**ABOUT THIS EXERCISE**
Reproduce this listing in full.

**INFORMATION SUPPLIED**

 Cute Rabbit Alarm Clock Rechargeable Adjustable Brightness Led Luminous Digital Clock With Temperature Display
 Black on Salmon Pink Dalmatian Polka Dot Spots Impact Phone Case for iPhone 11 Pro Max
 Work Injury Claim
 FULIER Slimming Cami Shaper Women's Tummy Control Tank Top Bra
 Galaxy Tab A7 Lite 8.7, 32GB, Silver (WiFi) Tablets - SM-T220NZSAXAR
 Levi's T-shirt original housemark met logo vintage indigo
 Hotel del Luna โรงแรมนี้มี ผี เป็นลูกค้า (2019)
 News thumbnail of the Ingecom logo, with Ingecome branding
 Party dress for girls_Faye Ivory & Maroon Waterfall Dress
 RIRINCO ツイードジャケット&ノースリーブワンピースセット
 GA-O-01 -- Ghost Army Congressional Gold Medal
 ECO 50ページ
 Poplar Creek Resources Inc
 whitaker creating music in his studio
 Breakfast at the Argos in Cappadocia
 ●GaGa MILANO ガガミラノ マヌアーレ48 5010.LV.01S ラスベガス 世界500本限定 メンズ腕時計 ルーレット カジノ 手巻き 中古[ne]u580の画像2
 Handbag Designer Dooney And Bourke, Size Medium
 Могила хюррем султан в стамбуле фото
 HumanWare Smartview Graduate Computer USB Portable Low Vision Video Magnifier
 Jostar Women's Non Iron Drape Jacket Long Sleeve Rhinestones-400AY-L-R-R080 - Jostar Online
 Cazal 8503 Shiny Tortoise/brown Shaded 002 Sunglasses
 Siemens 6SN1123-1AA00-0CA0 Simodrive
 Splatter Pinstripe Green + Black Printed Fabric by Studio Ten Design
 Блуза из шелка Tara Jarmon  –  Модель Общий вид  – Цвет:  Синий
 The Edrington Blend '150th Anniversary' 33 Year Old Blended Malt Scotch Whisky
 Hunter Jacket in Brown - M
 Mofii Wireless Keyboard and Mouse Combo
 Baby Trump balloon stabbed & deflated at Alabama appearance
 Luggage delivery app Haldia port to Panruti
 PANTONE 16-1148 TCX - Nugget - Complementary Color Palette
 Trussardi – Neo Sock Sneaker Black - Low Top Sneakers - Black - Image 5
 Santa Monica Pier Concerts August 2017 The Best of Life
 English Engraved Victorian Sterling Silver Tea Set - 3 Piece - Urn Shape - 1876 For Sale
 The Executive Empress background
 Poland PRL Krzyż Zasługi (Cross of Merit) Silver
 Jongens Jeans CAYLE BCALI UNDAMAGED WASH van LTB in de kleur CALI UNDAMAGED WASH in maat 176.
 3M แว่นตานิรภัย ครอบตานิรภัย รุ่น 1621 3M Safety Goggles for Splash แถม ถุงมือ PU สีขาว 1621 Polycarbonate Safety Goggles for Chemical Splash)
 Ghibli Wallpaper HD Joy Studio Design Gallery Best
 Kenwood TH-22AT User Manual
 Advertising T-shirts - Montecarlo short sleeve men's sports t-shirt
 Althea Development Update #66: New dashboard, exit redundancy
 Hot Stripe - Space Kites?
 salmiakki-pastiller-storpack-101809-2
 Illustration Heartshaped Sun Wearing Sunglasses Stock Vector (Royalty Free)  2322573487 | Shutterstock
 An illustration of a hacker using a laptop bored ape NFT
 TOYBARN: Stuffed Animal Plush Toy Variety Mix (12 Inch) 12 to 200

**RESPONSE TO THIS TASK**
 Cute Rabbit Alarm Clock Rechargeable Adjustable Brightness Led Luminous Digital Clock With Temperature Display
 Black on Salmon Pink Dalmatian Polka Dot Spots Impact Phone Case for iPhone 11 Pro Max
 Work Injury Claim
 FULIER Slimming Cami Shaper Women's Tummy Control Tank Top Bra
 Galaxy Tab A7 Lite 8.7, 32GB, Silver (WiFi) Tablets - SM-T220NZSAXAR
 Levi's T-shirt original housemark met logo vintage indigo
 Hotel del Luna โรงแรมนี้มี ผี เป็นลูกค้า (2019)
 News thumbnail of the Ingecom logo, with Ingecome branding
 Party dress for girls_Faye Ivory & Maroon Waterfall Dress
 RIRINCO ツイードジャケット&ノースリーブワンピースセット
 GA-O-01 -- Ghost Army Congressional Gold Medal
 ECO 50ページ
 Poplar Creek Resources Inc
 whitaker creating music in his studio
 Breakfast at the Argos in Cappadocia
 ●GaGa MILANO ガガミラノ マヌアーレ48 5010.LV.01S ラスベガス 世界500本限定 メンズ腕時計 ルーレット カジノ 手巻き 中古[ne]u580の画像2
 Handbag Designer Dooney And Bourke, Size Medium
 Могила хюррем султан в стамбуле фото
 HumanWare Smartview Graduate Computer USB Portable Low Vision Video Magnifier
 Jostar Women's Non Iron Drape Jacket Long Sleeve Rhinestones-400AY-L-R-R080 - Jostar Online
 Cazal 8503 Shiny Tortoise/brown Shaded 002 Sunglasses
 Siemens 6SN1123-1AA00-0CA0 Simodrive
 Splatter Pinstripe Green + Black Printed Fabric by Studio Ten Design
 Блуза из шелка Tara Jarmon  –  Модель Общий вид  – Цвет:  Синий
 The Edrington Blend '150th Anniversary' 33 Year Old Blended Malt Scotch Whisky
 Hunter Jacket in Brown - M
 Mofii Wireless Keyboard and Mouse Combo
 Baby Trump balloon stabbed & deflated at Alabama appearance
 Luggage delivery app Haldia port to Panruti
 PANTONE 16-1148 TCX - Nugget - Complementary Color Palette
 Trussardi – Neo Sock Sneaker Black - Low Top Sneakers - Black - Image 5
 Santa Monica Pier Concerts August 2017 The Best of Life
 English Engraved Victorian Sterling Silver Tea Set - 3 Piece - Urn Shape - 1876 For Sale
 The Executive Empress background
 Poland PRL Krzyż Zasługi (Cross of Merit) Silver
 Jongens Jeans CAYLE BCALI UNDAMAGED WASH van LTB in de kleur CALI UNDAMAGED WASH in maat 176.
 3M แว่นตานิรภัย ครอบตานิรภัย รุ่น 1621 3M Safety Goggles for Splash แถม ถุงมือ PU สีขาว 1621 Polycarbonate Safety Goggles for Chemical Splash)
 Ghibli Wallpaper HD Joy Studio Design Gallery Best
 Kenwood TH-22AT User Manual
 Advertising T-shirts - Montecarlo short sleeve men's sports t-shirt
 Althea Development Update #66: New dashboard, exit redundancy
 Hot Stripe - Space Kites?
 salmiakki-pastiller-storpack-101809-2
 Illustration Heartshaped Sun Wearing Sunglasses Stock Vector (Royalty Free)  2322573487 | Shutterstock
 An illustration of a hacker using a laptop bored ape NFT
 TOYBARN: Stuffed Animal Plush Toy Variety Mix (12 Inch) 12 to 200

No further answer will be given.